You're two ribs low. The correct level is the top of the arrow just below the tank weld.


----------



## draco_m (Dec 28, 2014)

obermd said:


> You're two ribs low. The correct level is the top of the arrow just below the tank weld.


Okay... so if the correct level (cold) is the top of the arrow then the correct level (hot) is 1/2 or 3/4 inch above the top of the arrow?

I really wish the Cruze coolant reservoir simply had a "min" line and a "max" line so dummies like me could easily determine if the level is too high or too low.


----------



## obermd (Mar 3, 2012)

Correct and agreed. There's enough pressure in the tank that the coolant won't rise too much past the arrow even when hot. If you open the cap you will see as much as half an inch level rise.


----------



## draco_m (Dec 28, 2014)

Okay I found a good thread.

http://www.cruzetalk.com/forum/9-general-discussion-forum/12117-how-much-coolant-burp-tank-3.html

According to posts #21-27 the top of the arrow is the max *hot* level. So cold, you want the coolant level to be 1/2 inch or so below the top of the arrow, which is about where mine is. If I'm reading this correctly...


----------



## draco_m (Dec 28, 2014)

So obermd do you think I should ask the service dept to "top off" the coolant? Or is my level in the acceptable range (assuming it stays at that level)? I don't want them to over fill either...

Thanks for all your advice.


----------



## obermd (Mar 3, 2012)

According to the GM on-line service manual, the top of the arrow is the "cold full" line. The fill procedure is to fill a cold engine to this line, start the engine and let it circulate the coolant. Refill to this line. Note the service procedure doesn't say to let the engine warm up, just circulate the coolant until it starts dripping back into the tank from the small upper hose. It takes maybe 30 seconds to get coolant dripping back into the tank from the small pressure return line.

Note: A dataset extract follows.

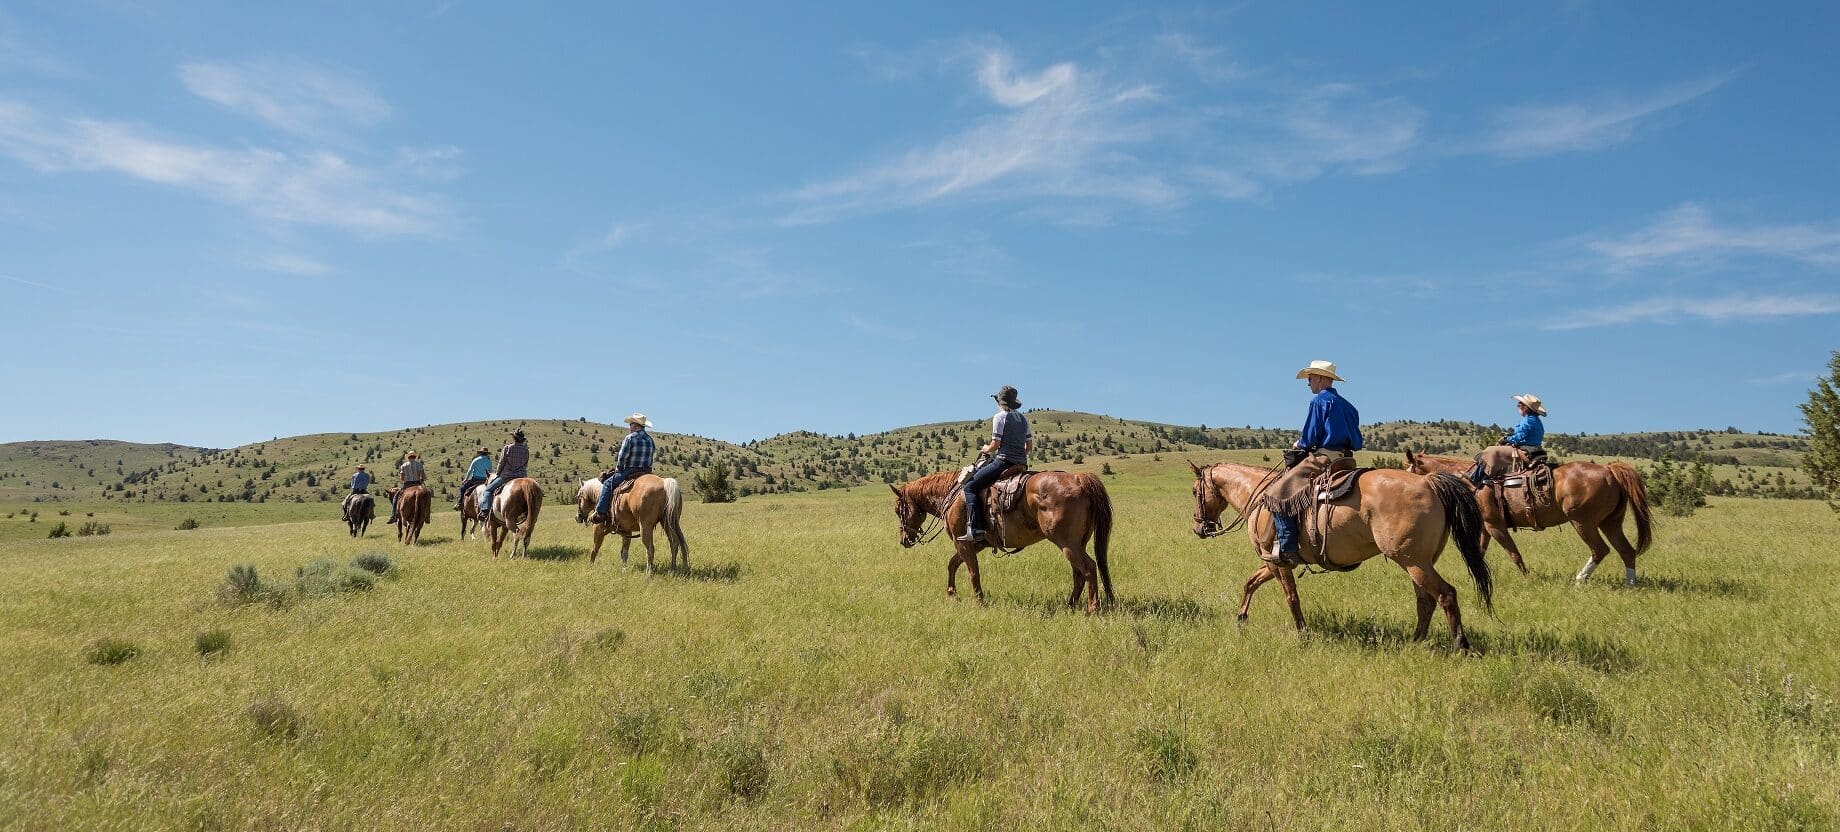 Horse back trail riders across the Wilson Ranches praries 
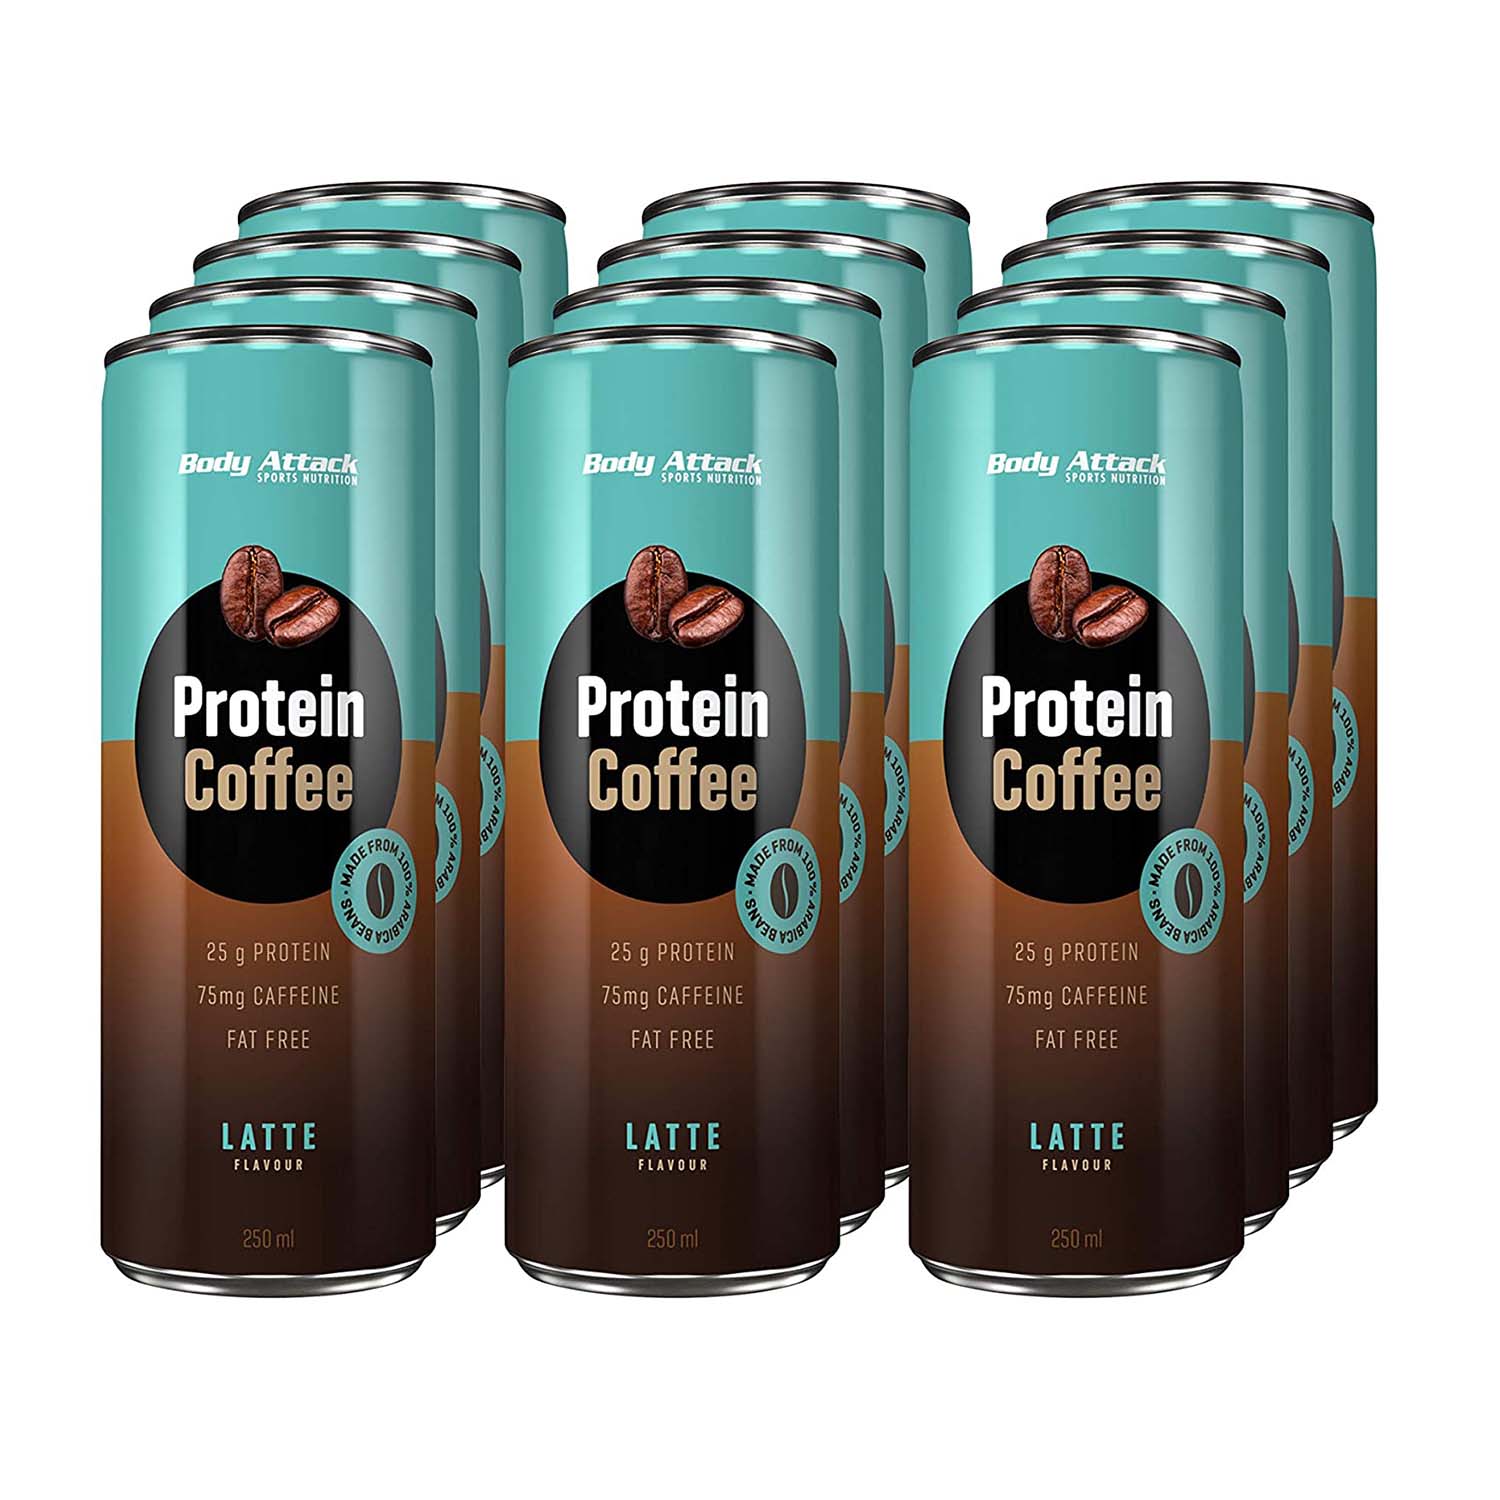 Body Attack Protein Coffee, Latte, Box of 12 Pieces

As for your question, I would take my car in and get the coolant topped off and then keep an eye on it. There is some concern that the lower coolant level doesn't result in sufficient vapor pressure to prevent the coolant from boiling in the engine.


----------



## Vetterin (Mar 27, 2011)

As long as mine stays around 3/4 of a tank full I don't even worry about it. Being a pint low will not have an affect a 6.7 qt capacity system.


----------



## Stephen Andersen (Mar 1, 2020)

I just had a coolant leak fixed so of I am topping off I fill to the top line and I should have to worry about it being overfilled?


----------



## Blasirl (Mar 31, 2015)

Welcome Aboard!

Read or reread this post: How much coolant in burp tank?

As I read the entire posting, I understand that the arrow is full cold.

Don't forget to introduce yourself and your Cruze here.


----------